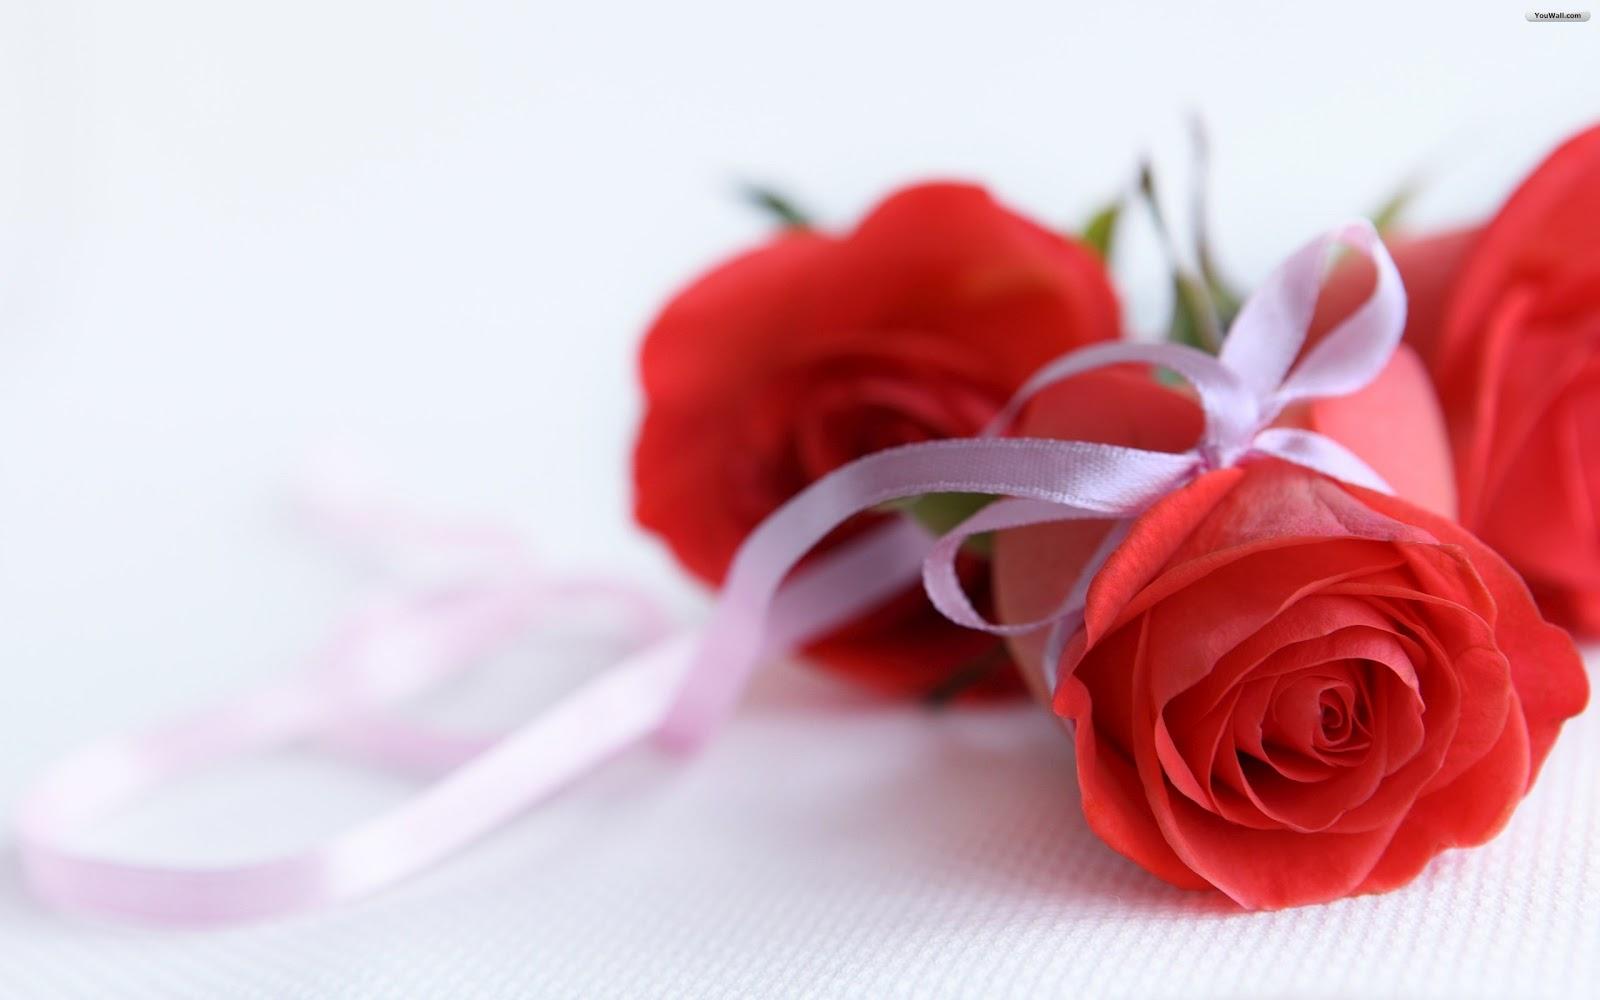 cute rose pictures. Black Bedroom Furniture Sets. Home Design Ideas
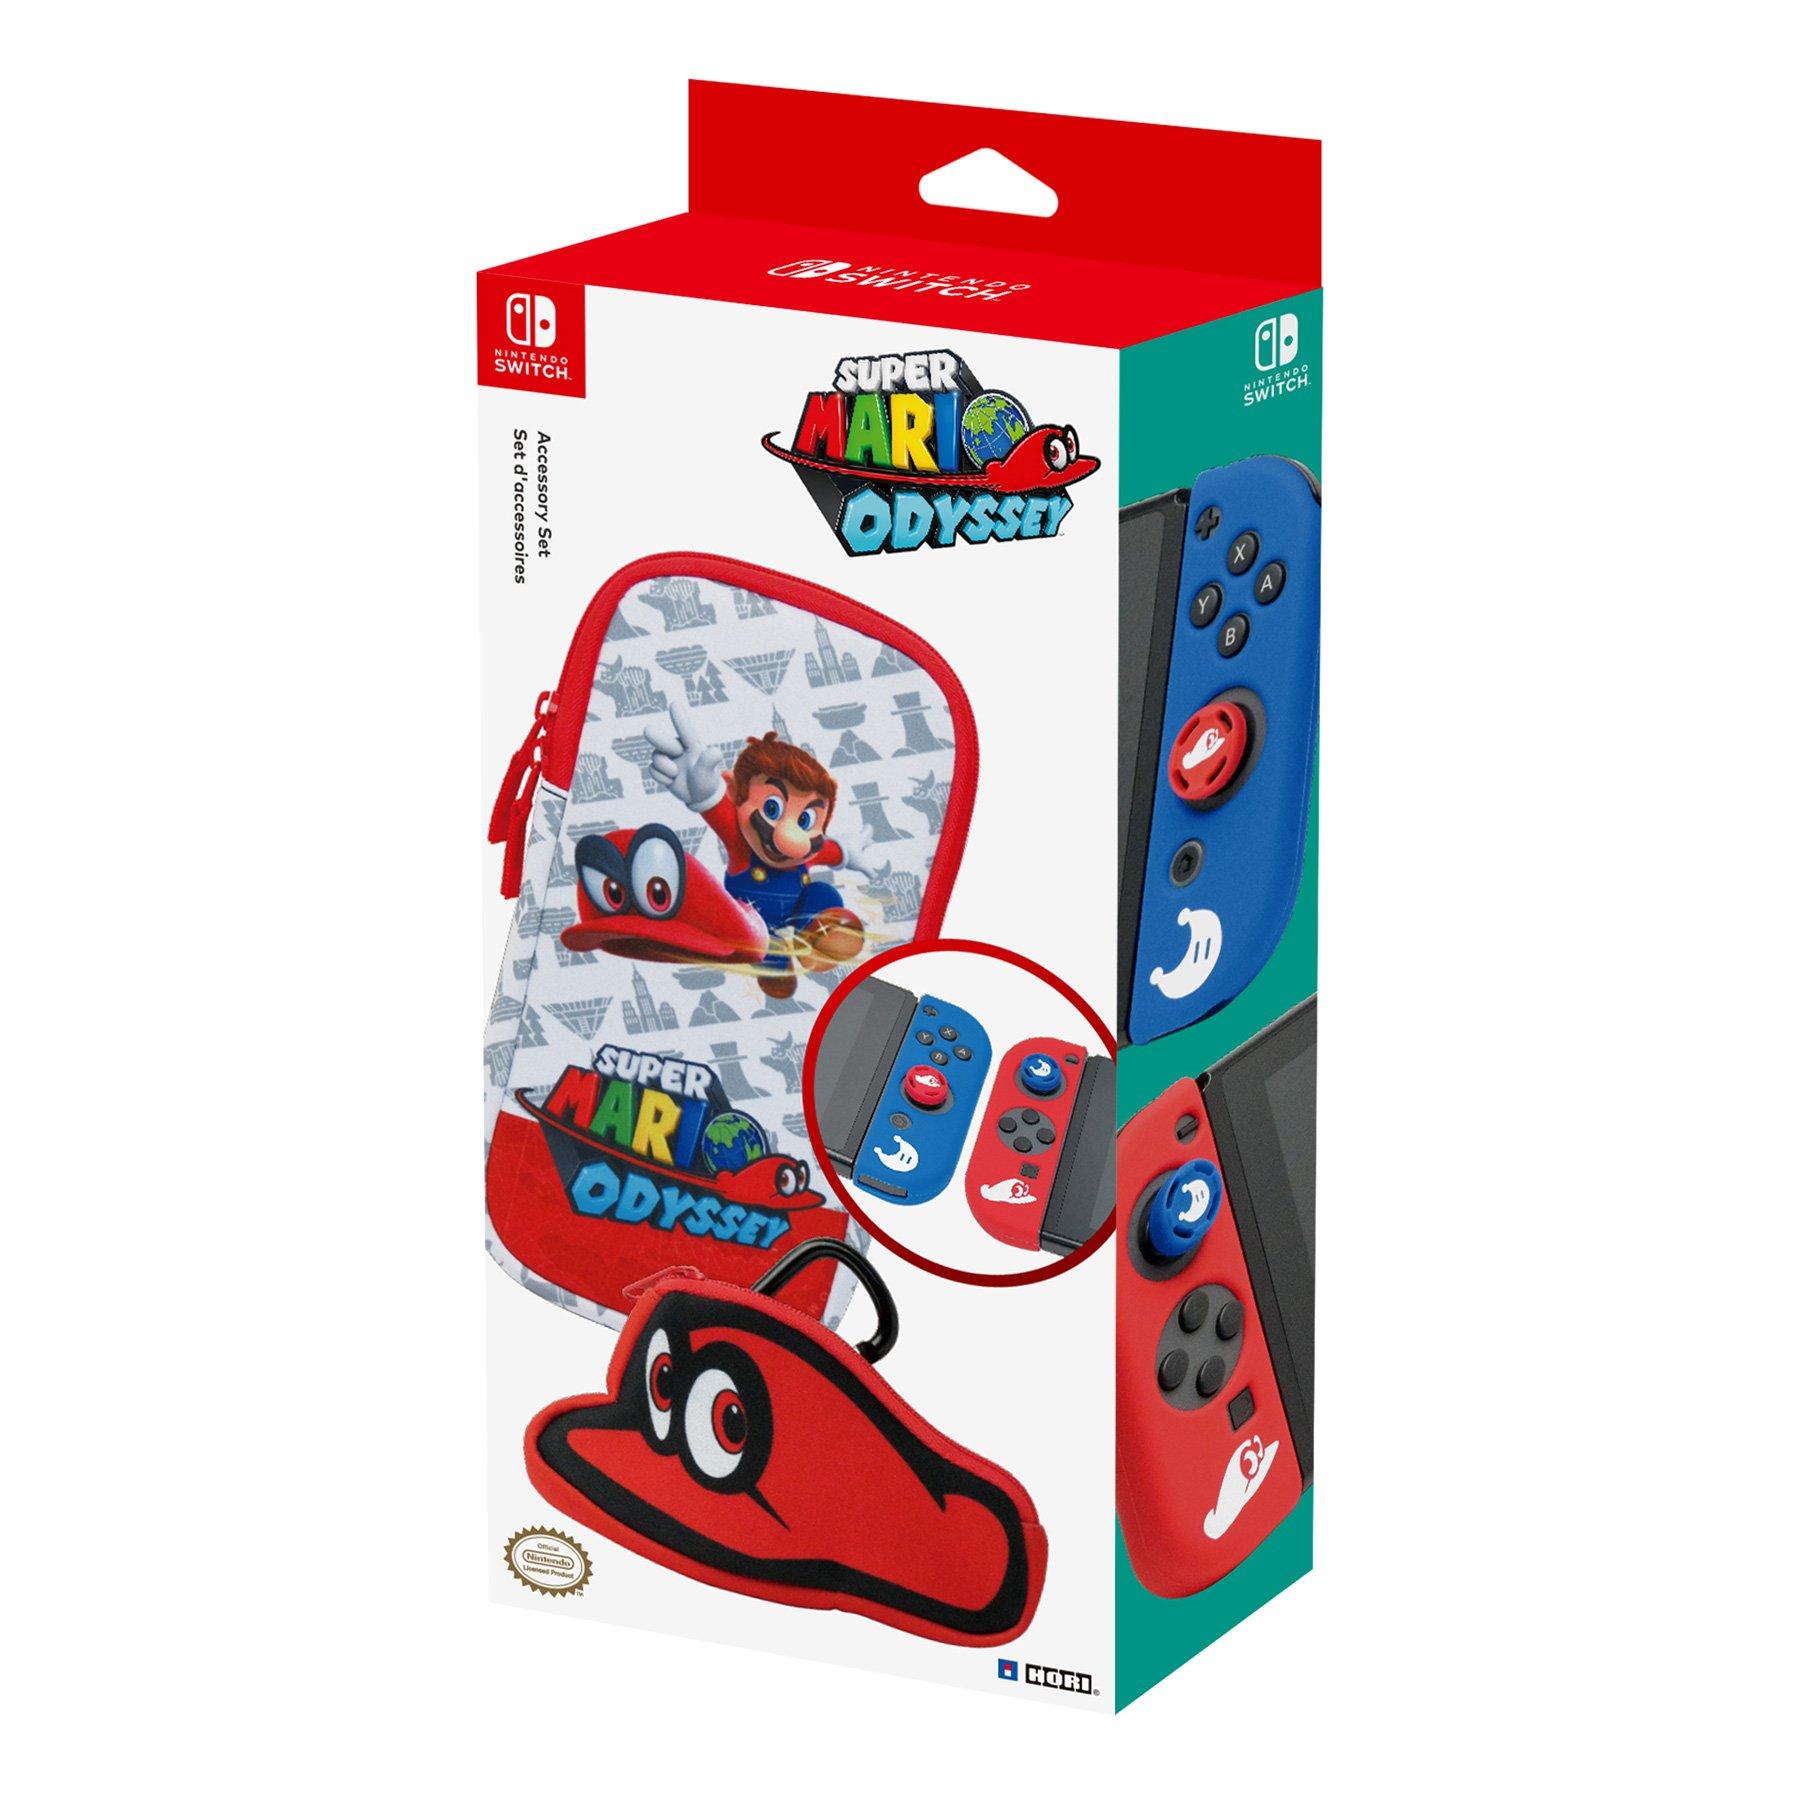 aecf28b6869a7 Amazon.com  HORI Super Mario Odyssey Accessory Set Officially Licensed - Nintendo  Switch  Video Games
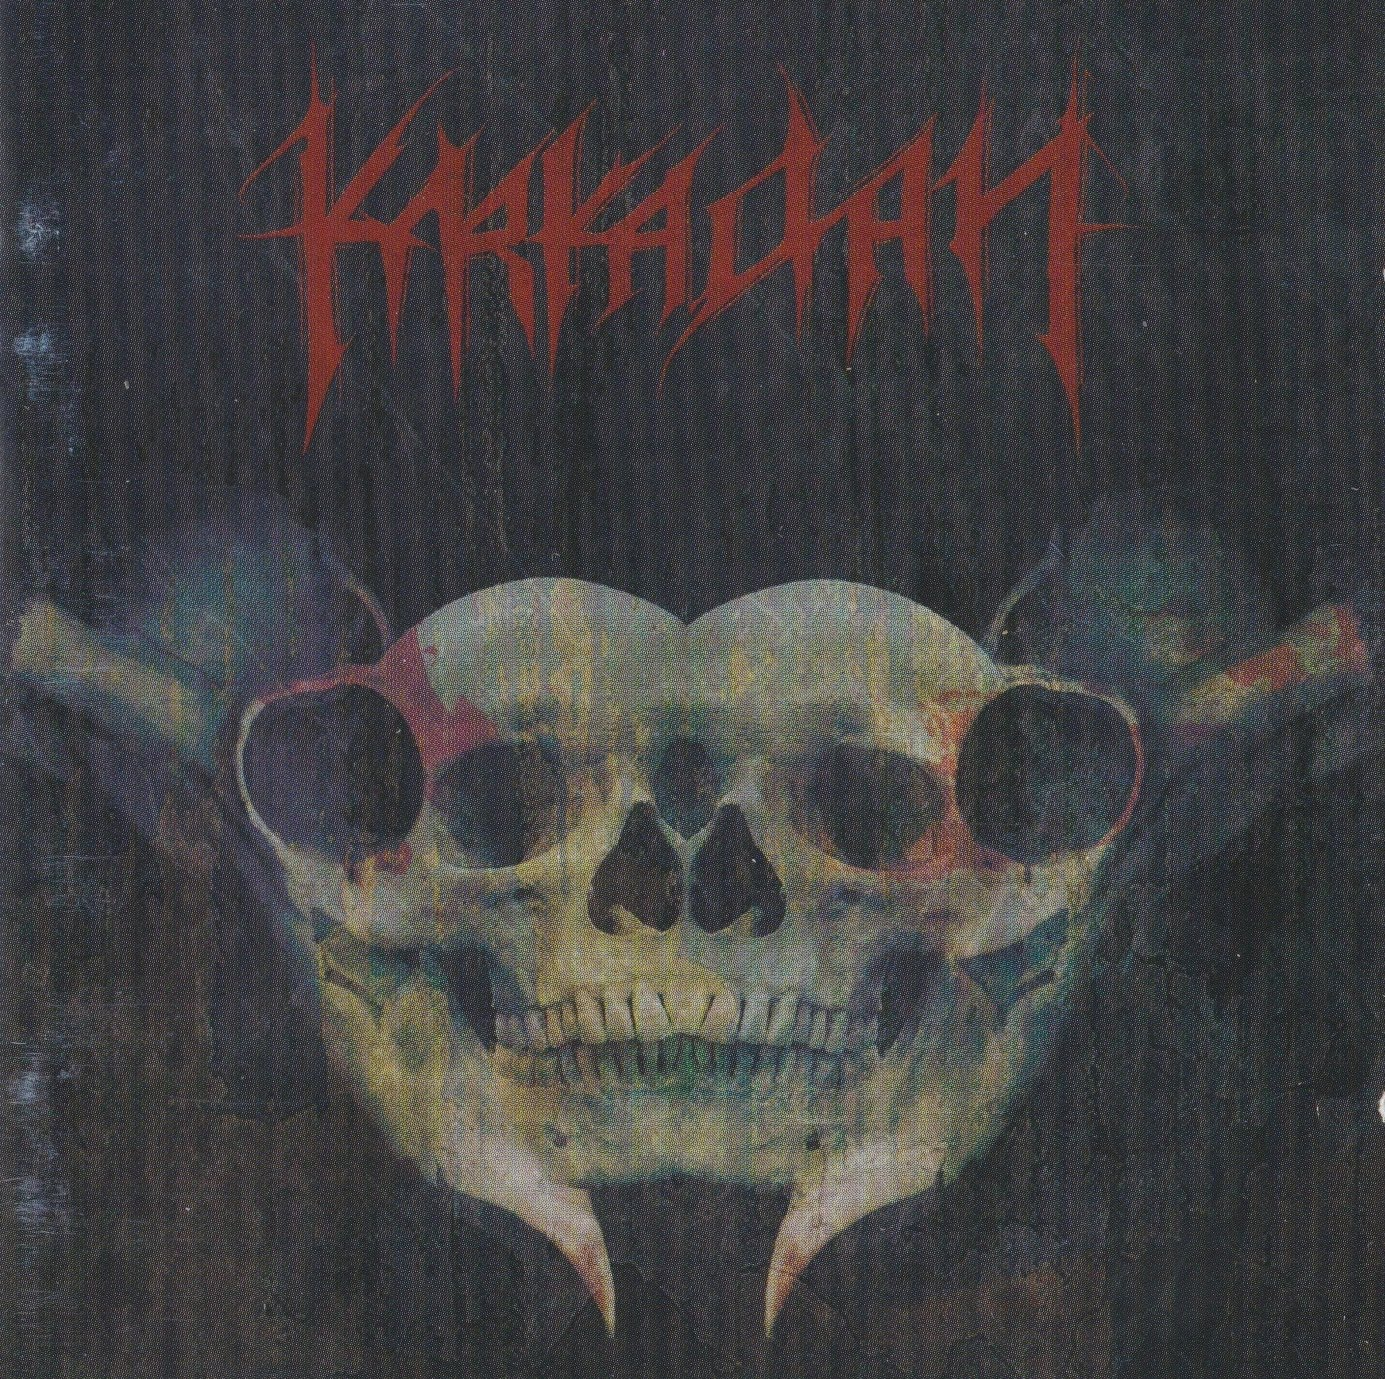 Karkadan — Eternal Black Reflections (1999)

^^^^^^^^^^^^^^^^

What to work on:
Retype the full listing above precisely. Exclude each picture you find in it.

Reply to the exercise:
 cute rose pictures. Black Bedroom Furniture Sets. Home Design Ideas
 aecf28b6869a7 Amazon.com  HORI Super Mario Odyssey Accessory Set Officially Licensed - Nintendo  Switch  Video Games
 Karkadan — Eternal Black Reflections (1999)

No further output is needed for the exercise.